Jordan Peterson in which he “destroys Post-Modernism & Marxism once and for all”

In the video Peterson discusses how postmodernism implies infinite interpretations, and that the failure of postmodernism is failure to realize that there only a finite number of interpretations.

To recap, postmodernism is:

-a literary and art style
-a ‘condition’
-a form of discourse
-an epistemological system
-a blanket term for far-left liberalism under the veneer of academic prose

The postdmoernidist condition has become so pervasive in recent years that people read it without even being aware of such postmodern themes. Articles denouncing sweeping social change and or warning about the potential dangers of technology in terms of social alienation and disruption to society, are part of the condition, and although postmodernism is associated with leftism, such concerns don’t discriminate between ‘left’ and ‘right’. Nick Land’s articles have themes of this. From: The Boomer Backlash, Part 2:

These narratives are like a giant web that spans the far-reaches of Reddit, 4chan, and even Vox magazine. Everyone is plugged into this ‘hivemind’. We’re all becoming like Nick Land, channeling his philosophy whether we realize it or not. Before the 60′s there was a general optimism about technology and ‘progress’, and then some guys in France turned those notions upside down, and the legacy still lives on 50 years later; for example, the paranoid cyper-punk writings of authors Philip K Dick and William Gibson, both of whose popularity has surged in recent years.
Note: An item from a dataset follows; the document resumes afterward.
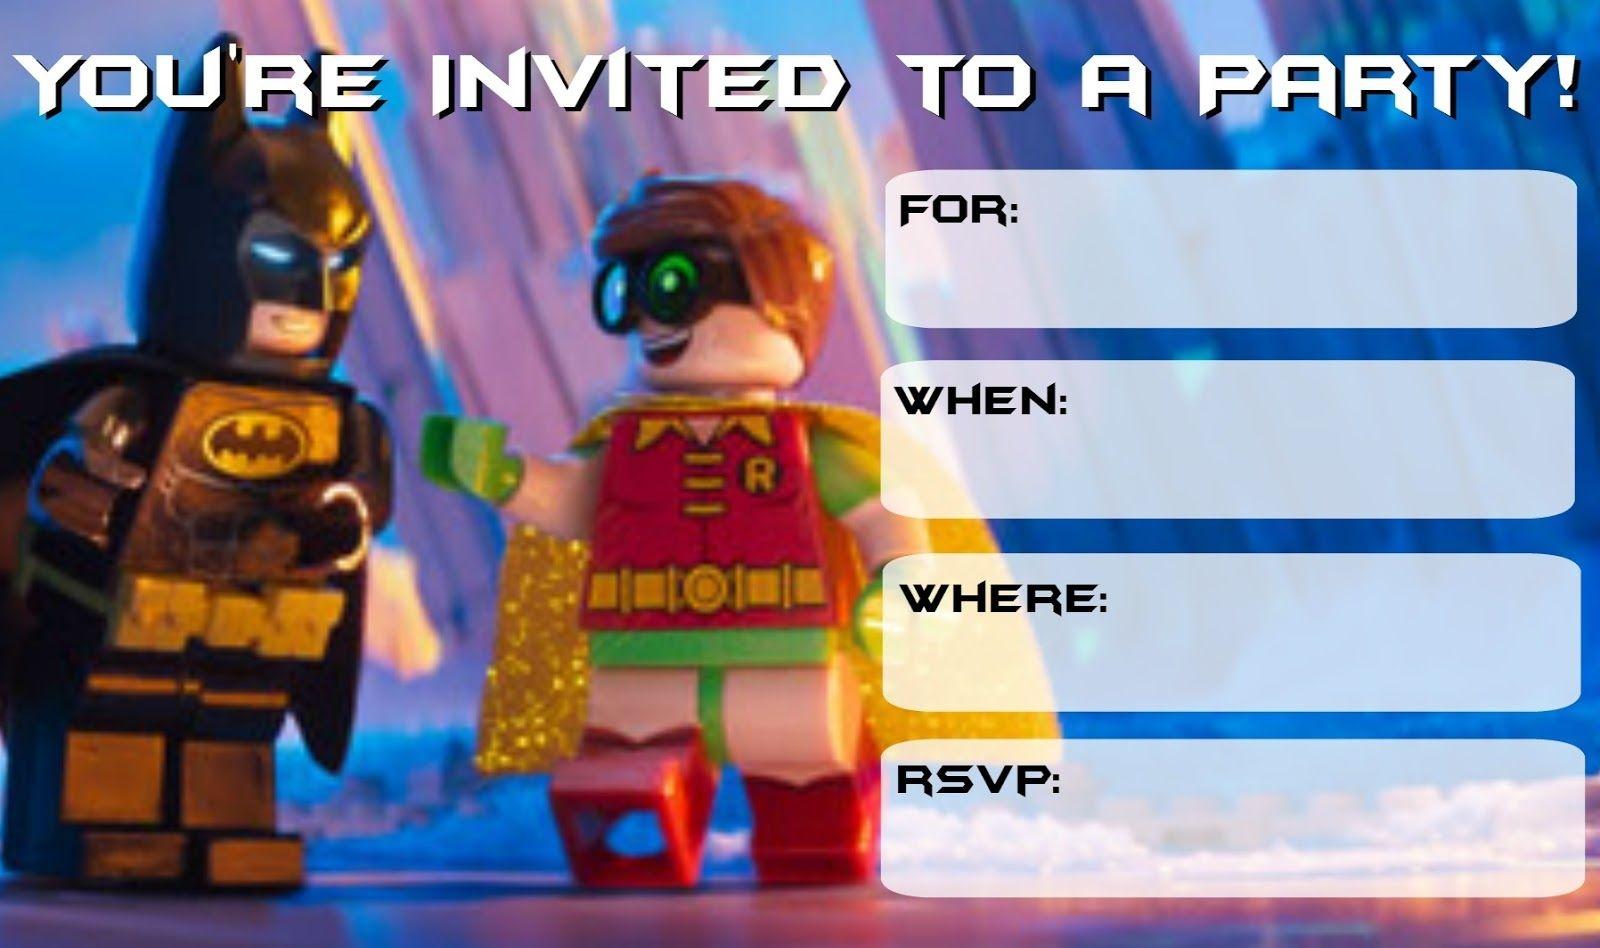 More Lego Batman Party Invitations   Drew's Birthday   Lego Batman - Lego Batman Invitations Free Printable

But then also the immense popularity and notoriety of postmodernist writers Thomas Pynchon, Chuck Palahniuk, Hunter S. Thomson, and David Foster Wallace.

Peterson ignores this aspect of postmodernism. Modernism means unwavering optimism about modern society. Postmodernism is to deconstruct this, questioning whether such modernity is always ‘good’, but again, this is not exclusively a left-wing critique of society.

Regarding the final two bullet points, as discussed in the post Defending Postmodernism there is a persistent misconception that postmodernists reject facts and truths, when this is not actually the case. I don’t know where Peterson gets the idea that postmodernists reject facts. It’s not so much that postmodernists have an infinite number of interpretations–rather they have an infinite number of values instead a delineated set of preferred values. This makes postmodernism intimately connected with moral relativism. For the online postmodernist, correctness is more important than values. Most postmodernists don’t dispute that men and women are different, but reject the idea that such differences have value or meaning. The ‘patriarchy’ is hence seen as an oppressive value system. But that doesn’t imply support of matriarchy either. The absence of values means one cannot make a determination which one is better.

The late David Foster Wallace is considered to be a postmodernist writer. As further refutation of the misconception that postmodernists don’t care about facts, his books and articles are meticulously researched. It’s obvious he cared a lot about accuracy, and he was a staunch devotee of linguistic prescription (in contract to descriptivism), even going so far as writing a review of a Bryan Garner’s A Dictionary of Modern American Usage.